RnMss
RnMss

Reputation: 3833

Haskell: Efficient way to bitwise cast String to Integer?

What's the most efficient way to cast String (or ByteString) to an integral type bitwise, for example:

smallEndianStringToInt32 :: ByteString -> Int32
smallEndianStringToInt32 str = 
    case str of
      [a,b,c,d] -> shiftL d 24 .|. shiftL c 16 .|. shiftL b 8 .|. a
      _         -> 0

In C we can simply do it like this, really low-cost:

char* some_string = "....";
int32_t x = *(int32_t*)some_string;

But the former implementation (smallEndianStringToInt32) doesn't look as fast as the C code.
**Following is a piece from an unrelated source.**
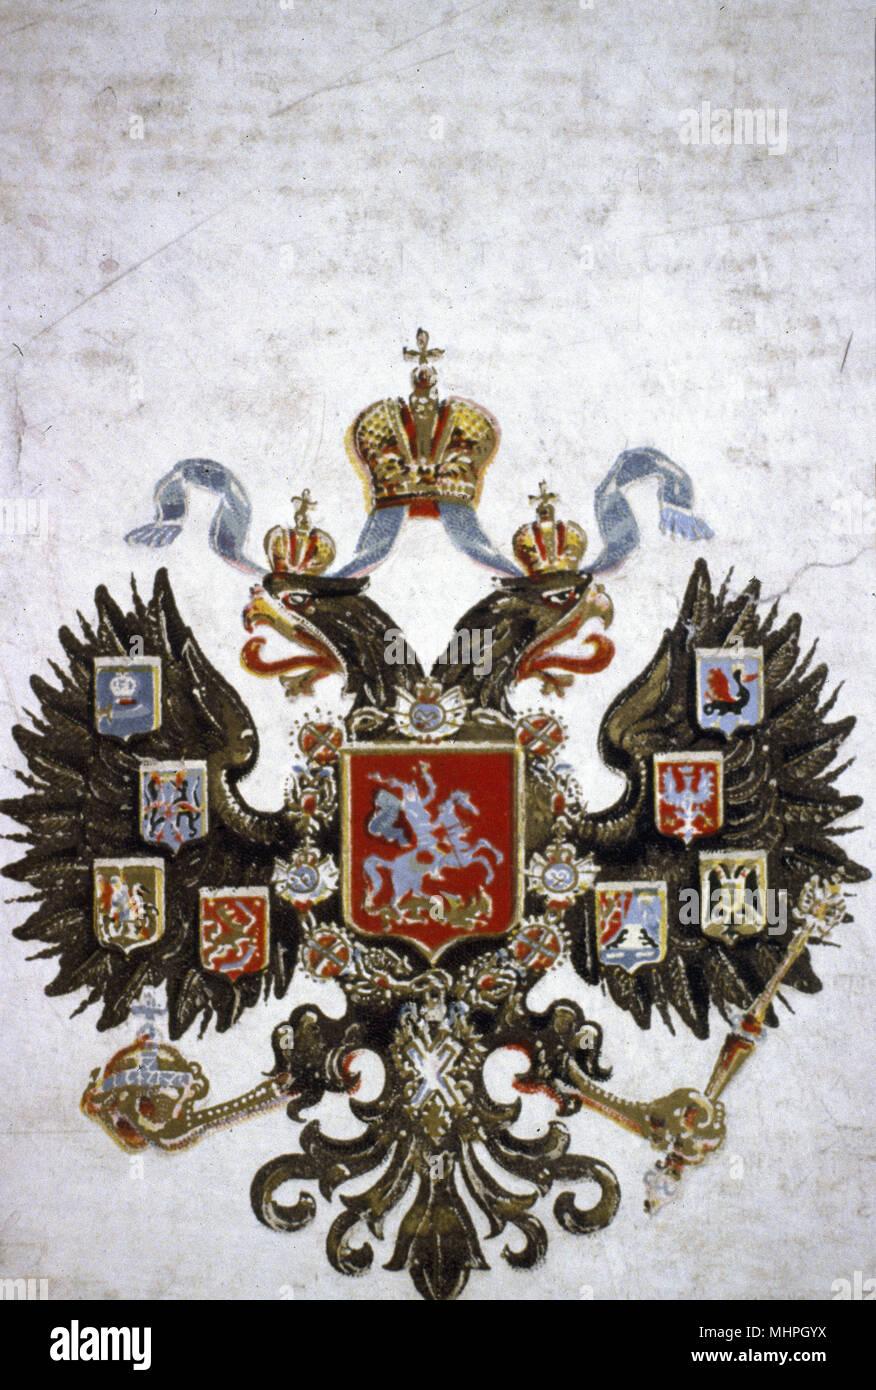 Die Imperialen Russischen Wappen (Romanov Familie), Ein Doppelköpfiger Adler  Mit Drei Kronen,
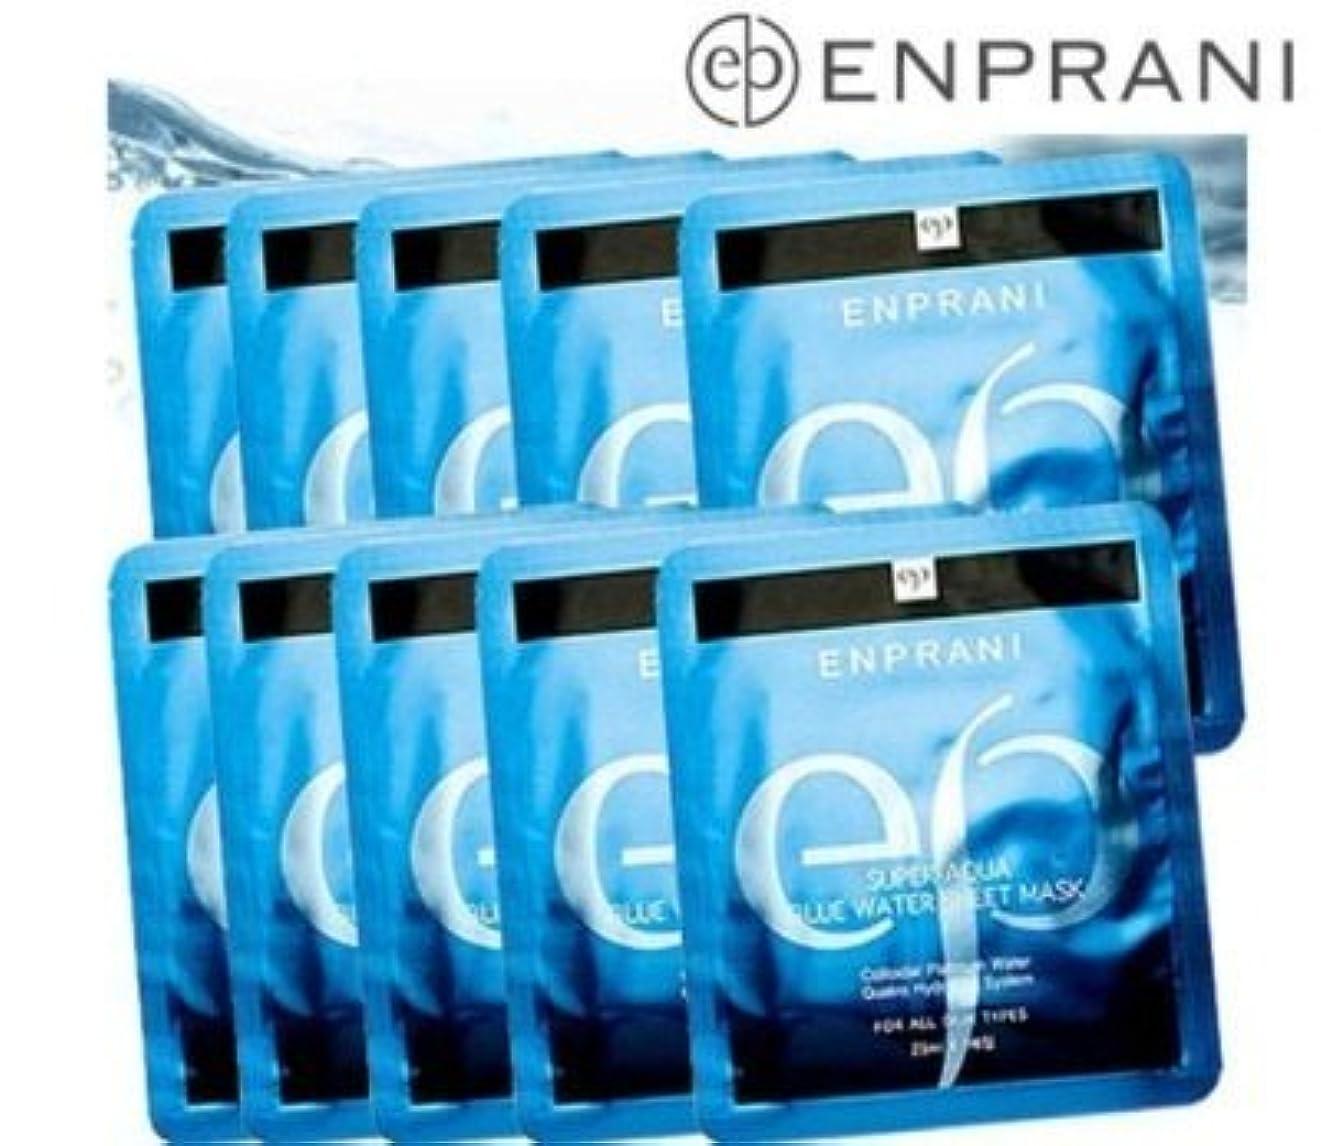 延期する修復癒す[30枚][エンプラニ ] ENPRANI [スーパーアクア シートマスク パック 30枚](Super Aqua Seat Mask 30 Sheets) [並行輸入品]

How can this be done? (Or it actually IS as fast?)

Upvotes: 0

Views: 123

Answers (1)

Michael Snoyman
Michael Snoyman

Reputation: 31305

I think this does what you're looking for, but like the other commenters, I'd recommend you clarify what you're actually trying to do, as this is very non-idiomatic Haskell:

{-# LANGUAGE OverloadedStrings #-}
import Data.ByteString.Internal
import Foreign.Storable
import Foreign.ForeignPtr
import Foreign.Ptr
import Data.Word (Word32)

main :: IO ()
main = withForeignPtr fptr $ \ptr -> do
    i <- peek $ castPtr (ptr `plusPtr` off)
    print (i :: Word32)
  where
    PS fptr off len = "A\0\0\0"

As should be painfully obvious, this code is quite susceptible to segfaults, for example.